Michael Laughlin’s midnight mash-up and affectionate satiric homage to science fiction/alien takeover films of the 1950s stars Paul Le Mat as a university professor searching for his ex-wife (Diana Scarwid), who seems to have disappeared while visiting her heartland American hometown of Centerville, Illinois. In fact, the whole place turns out to be a hotbed of alien infestation, in place since the ‘50’s and, get this, weirdly unaware of how the outside world has changed. Nancy Allen co-stars as a helpful journalist. The wonderfully enthusiastic supporting cast includes Michael Lerner, Louise Fletcher, Wallace Shawn, Fiona Lewis, and Lassie’s “mom” June Lockhart. This retro hip genre movie is still lots of fun.


This nifty little low-budget exploitation effort keeps a nonchalant tone that delivers just the right amount of humor that makes its unexpected ending all the more potent. There’s a vintage Hollywood ambiance to the whole enterprise, including the seedy stylishness of the undead title character played with convincing ennui by Robert Quarry.  Yorga’s cover is a hip medium who attracts nubile young lovelies to his mansion where he holds séances. One girl’s grieving boyfriend (played by producer Michael Macready) hires vampire fighter Dr. Hayes (Roger Perry). This title is one of the classic exploitation films originally distributed by American International.

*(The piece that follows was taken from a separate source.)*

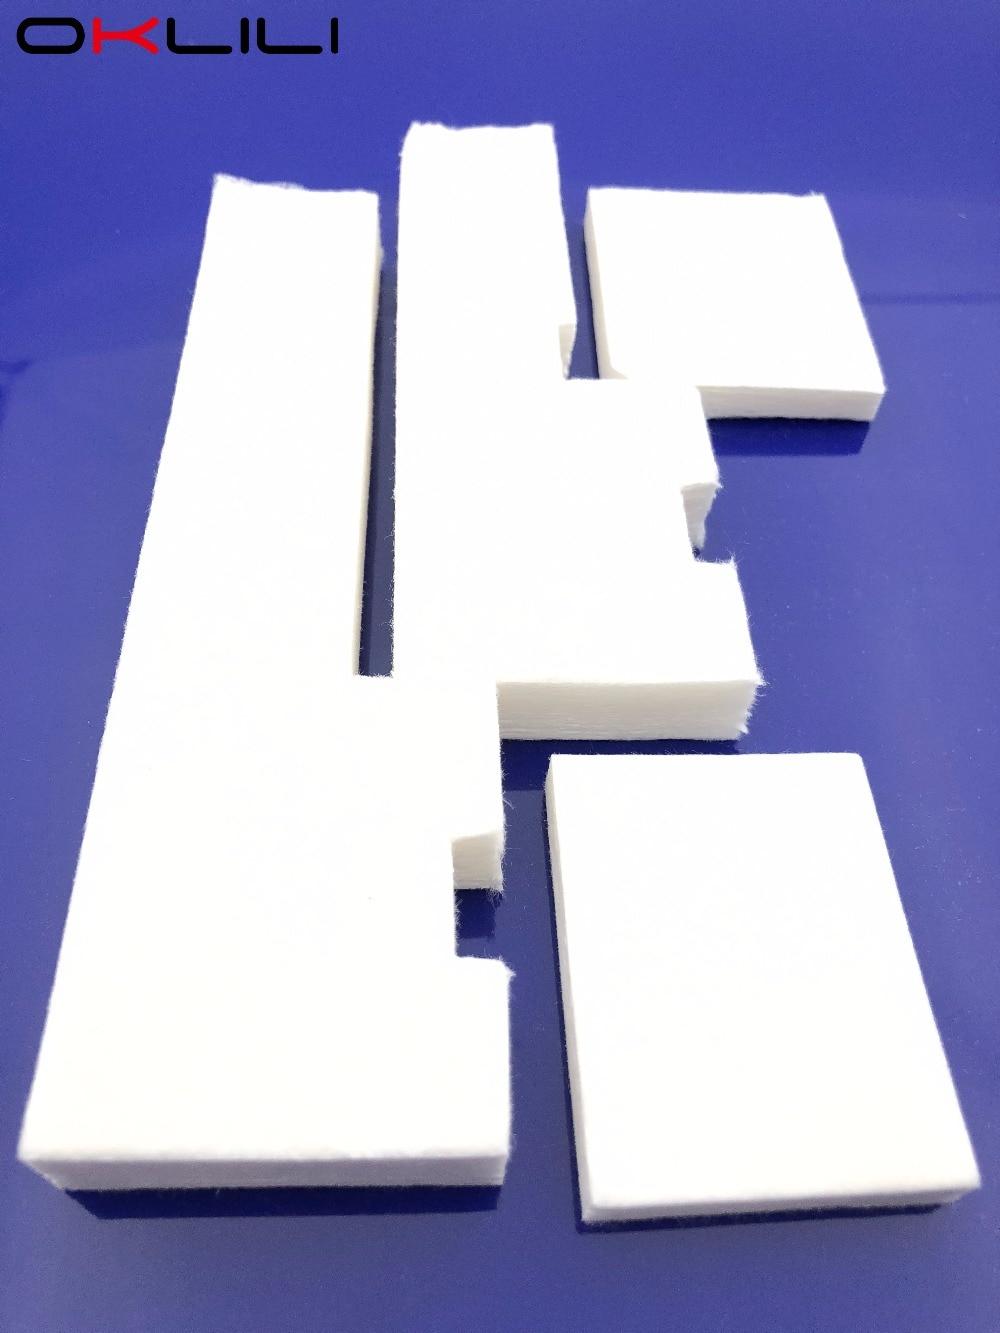 Printer Parts Printer Supplies Original New Waste Ink Tank Pad Sponge For Epson R280 R290 P50 P60 T50 T60 A50 Tx650 R285 L800 L801 R330 L805 Easy To Repair

The gargantuan box-office haul overshadowed almost everything else about this latest entry in the Spielberg produced modern dinosaur franchise. The ultimate popcorn summer tent-pole does not disappoint but adds little depth or emotion to the ongoing series (oh yes, there will be another). In this iteration, Chris Pratt stars with Dallas Bryce Howard in a story about the revival of Jurassic Park on a much bigger scale than before.  Briefly, Isla Nubla is a success but what park guests don’t know is that a huge, genetically modified dinosaur with savage potential has escaped its “secure” enclosure. Young kids in danger and a subplot about breeding dinos for combat round out the not-surprising plot. Just know that the big beasts look more realistic than ever in their beautifully detailed physicality and the several dazzling, action-filled set pieces really explode in 3D. Director and co-writer Colin Trevorrow, whose little indie film SAFETY NOT GUARANTEED generated a big wave of strong buzz, delivers a career and life-changing hit. The many obvious product placements are a tad distracting. One viewer said: “This is a Mercedes commercial with dinosaurs made for 12 year-olds.”  A compliment really, because that 12 year-old hides in all of us, one way or another.  Universal.  Blu-ray 3D. 


When Kelly sneaks into her boyfriend’s house, she doesn’t expect to be caught up in a home invasion to abduct Mark’s dad and force him to carry out a robbery at the bank he manages. Now she’s the unknown element in the gang’s meticulously planned heist. As the next 12 hours unfold, she must use every reserve of courage and brains to outwit the highly trained gang. I love the idea that a teen girl is the only hope for a family’s survival. This is a great high-concept thriller.  Kaya Scodelario, Ed Skrein Dougray Scott co-star.  Thomas Daley directs an original screenplay by Simon Lewis.  Magnolia.  Blu-ray.